Twelve weanlings were stabled for 10 days with and without exposure to calming music (Alan Silvestri's main theme music to the movie Forest Gump).  The horses had significantly lower heart rate variability during the music condition and were observed to be more relaxed, spent more time eating and less time walking in the stable.  Also of note, the weanlings had a lower peak heart rate and a decreased duration of peak heart rate while in the music condition when they were exposed to the stress of being near two stallions.  

Many questions can be raised about this study, but I found it fascinating nonetheless.  I am not sure exactly which portions of the movie theme music they used, but when I listened to the opening theme to Forest Gump, it was not as predictable and constant in tempo, dynamics, instrumentation, theme and rhythm as would be best for true sedative music.  I also think the horses must not be very selective about their music preference if they can listen to the same 8-10 minutes music selection over and over for 6 hours every day for five days! Perhaps they were less stressed because they were bored silly!  

I don't know how loud they played the music, but it is possible that the music served as a masking agent for environmental sounds.  Was the music the key to the weanling's positive responses?  There is evidence that heart rate variability responds to music intervention as reported by the emWave biofeedback monitor and the creators of the Heart Math program.
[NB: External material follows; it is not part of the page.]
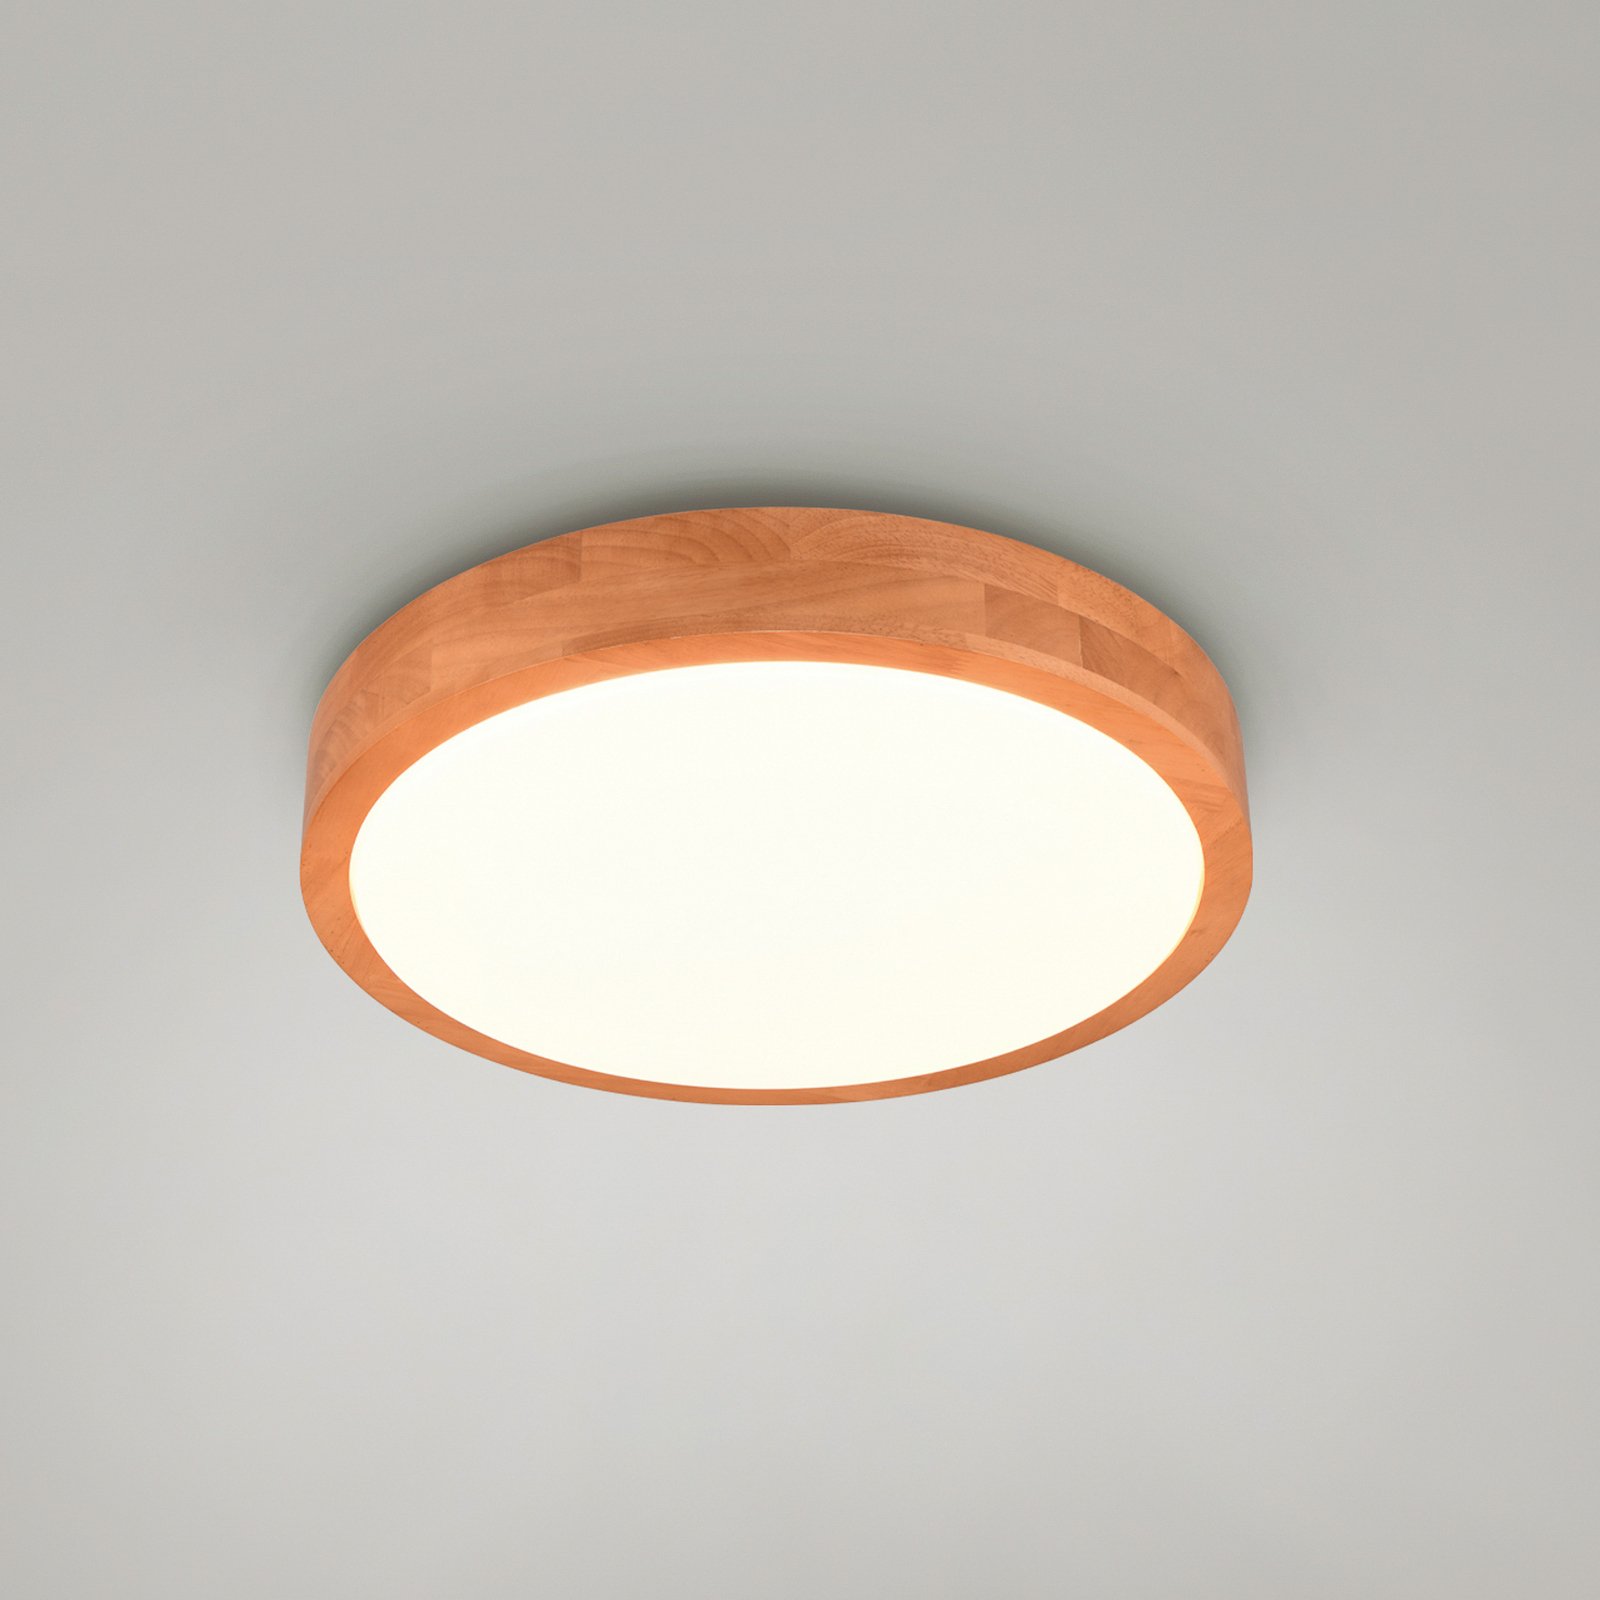 LED-taklampa Iseo, träfärgad, Ø 40 cm, dimbar, trä

Can we make any transfers from this research to an effect of music on humans?  Does this study point to a more physiological, nuero-muscular and autonomic response to music rather than a cognitive response?  

I still have more questions than answers, but please take a look for yourself at the details and let me know what you think!

Wilson, M. E., Phillips, C. J., Lisle, A. T., Anderson, S. T., Bryden, W. L., & Cawdell-Smith, A. J. (2012).  Stress responses in young, stabled horses can be modified by music.  Proceedings of Australian Equine Science Symposium, 4, 45.